Question

If Rolle's theorem is applicable for the function \(f(x) = x(x+3)e^{-x/2}\) on \([-3, 0]\), then the value of \(c\) is:

• A. \(3\)
• B. \(3 \text{ and } -2\)
• C. \(-2\)
• D. \(-1\)

Hint:

Remember the conditions for Rolle's theorem: continuity, differentiability, and f(a) = f(b).

Answer 1

The Correct Option is C

Step 1: Verify the conditions for Rolle's theorem.
The function f(x) = x(x+3)e^-x/2 is continuous on [-3, 0] and differentiable on (-3, 0) since it is a product of polynomial and exponential functions.
Also, f(-3) = (-3)(-3+3)e^-(-3)/2 = (-3)(0)e^3/2 = 0
and f(0) = 0(0+3)e^-0/2 = 0(3)e⁰ = 0.
Since f(-3) = f(0) = 0, Rolle's theorem is applicable.

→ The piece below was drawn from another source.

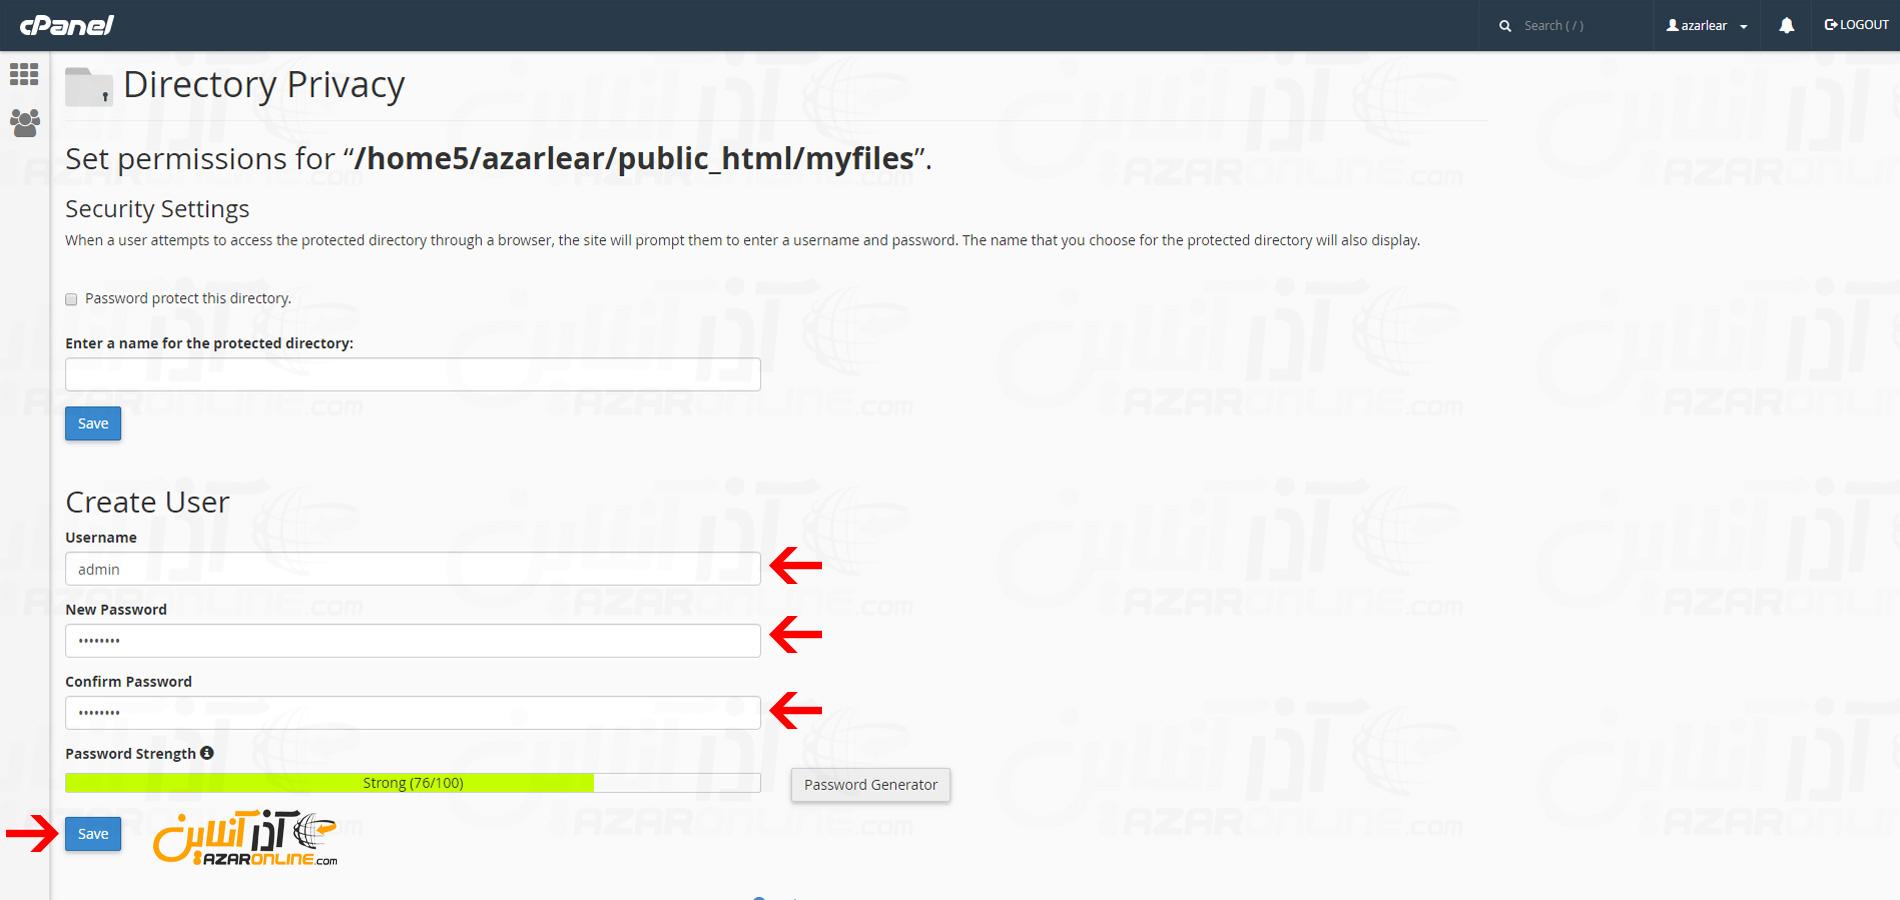 ساخت یوزر برای ورود به یک فولدر در آپشن password protect
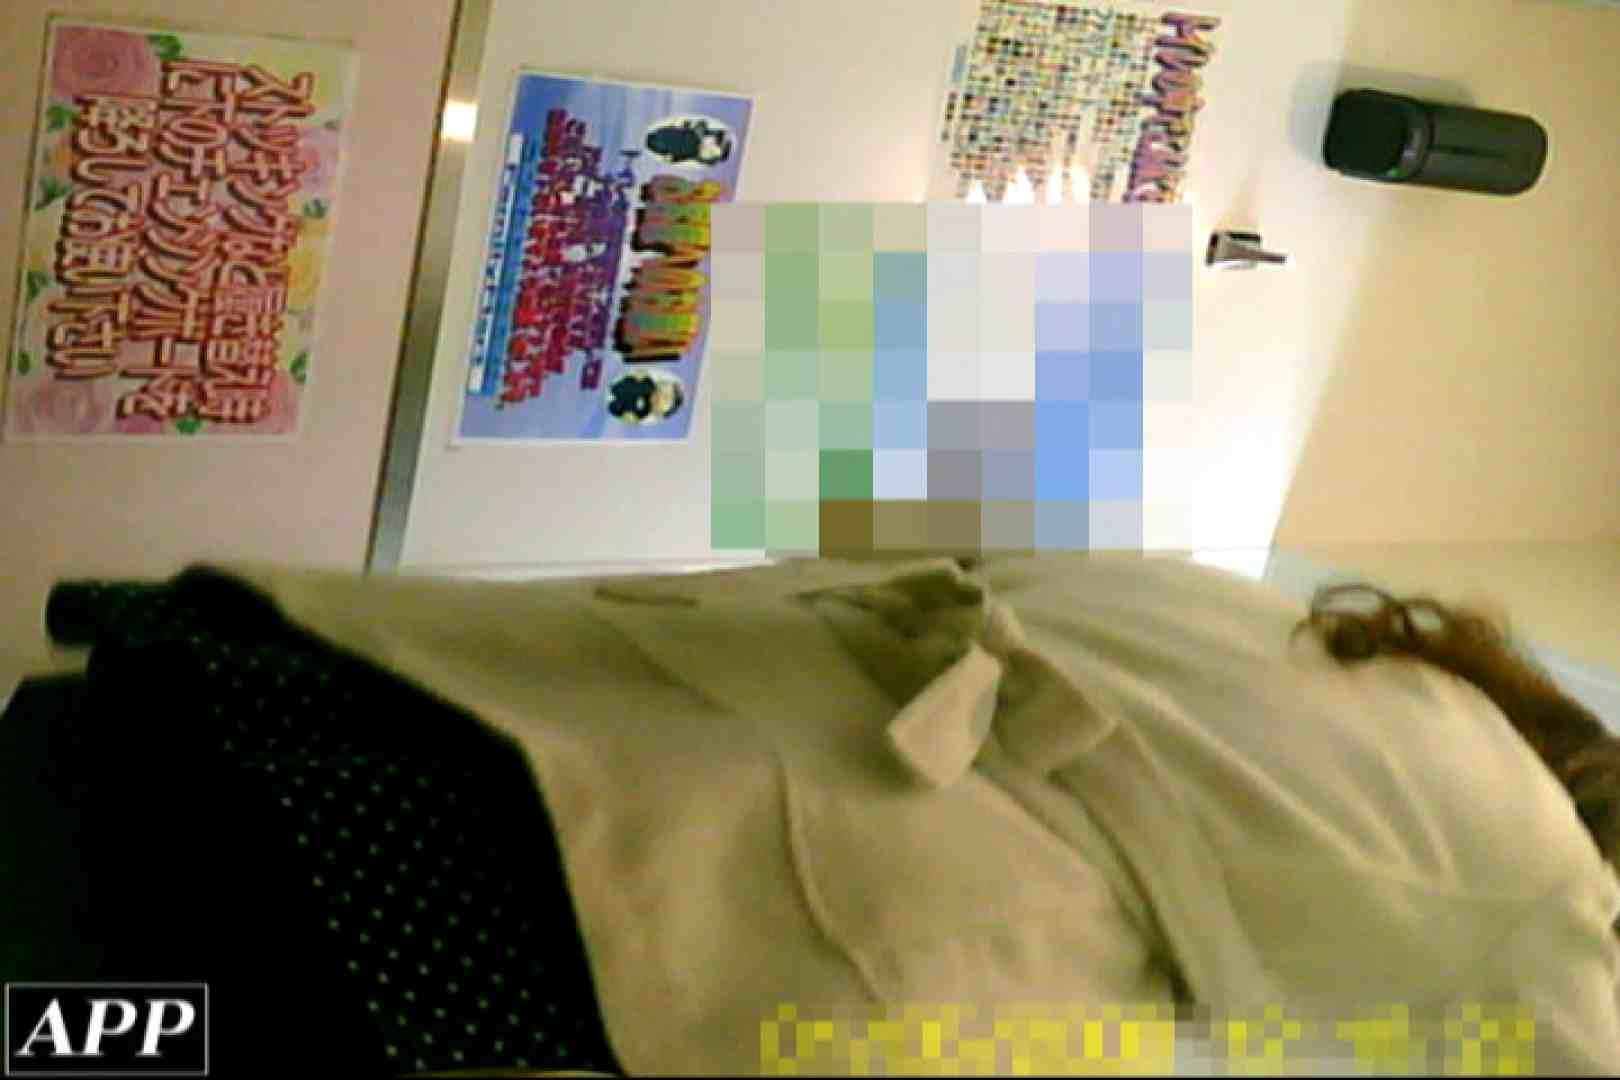 3視点洗面所 vol.40 洗面所 | 盗撮で悶絶  99画像 99

Step 2: Find the derivative of f(x).
f(x) = (x² + 3x)e^-x/2
f'(x) = (2x + 3)e^-x/2 + (x² + 3x)e^-x/2(-1/2)
f'(x) = e^-x/2(2x + 3 - (x² + 3x)/2)
f'(x) = e^-x/2((4x + 6 - x² - 3x)/2)
f'(x) = (e^-x/2/2)(-x² + x + 6)

Step 3: Set f'(c) = 0 and solve for c.
By Rolle's theorem, there exists a c \(\in\) (-3, 0) such that f'(c) = 0.
(e^-c/2/2)(-c² + c + 6) = 0
Since e^-c/2 \(\neq\) 0, we have -c² + c + 6 = 0.
c² - c - 6 = 0
(c - 3)(c + 2) = 0
c = 3 or c = -2.
Since c \(\in\) (-3, 0), we have c = -2.
Therefore, the value of c is -2.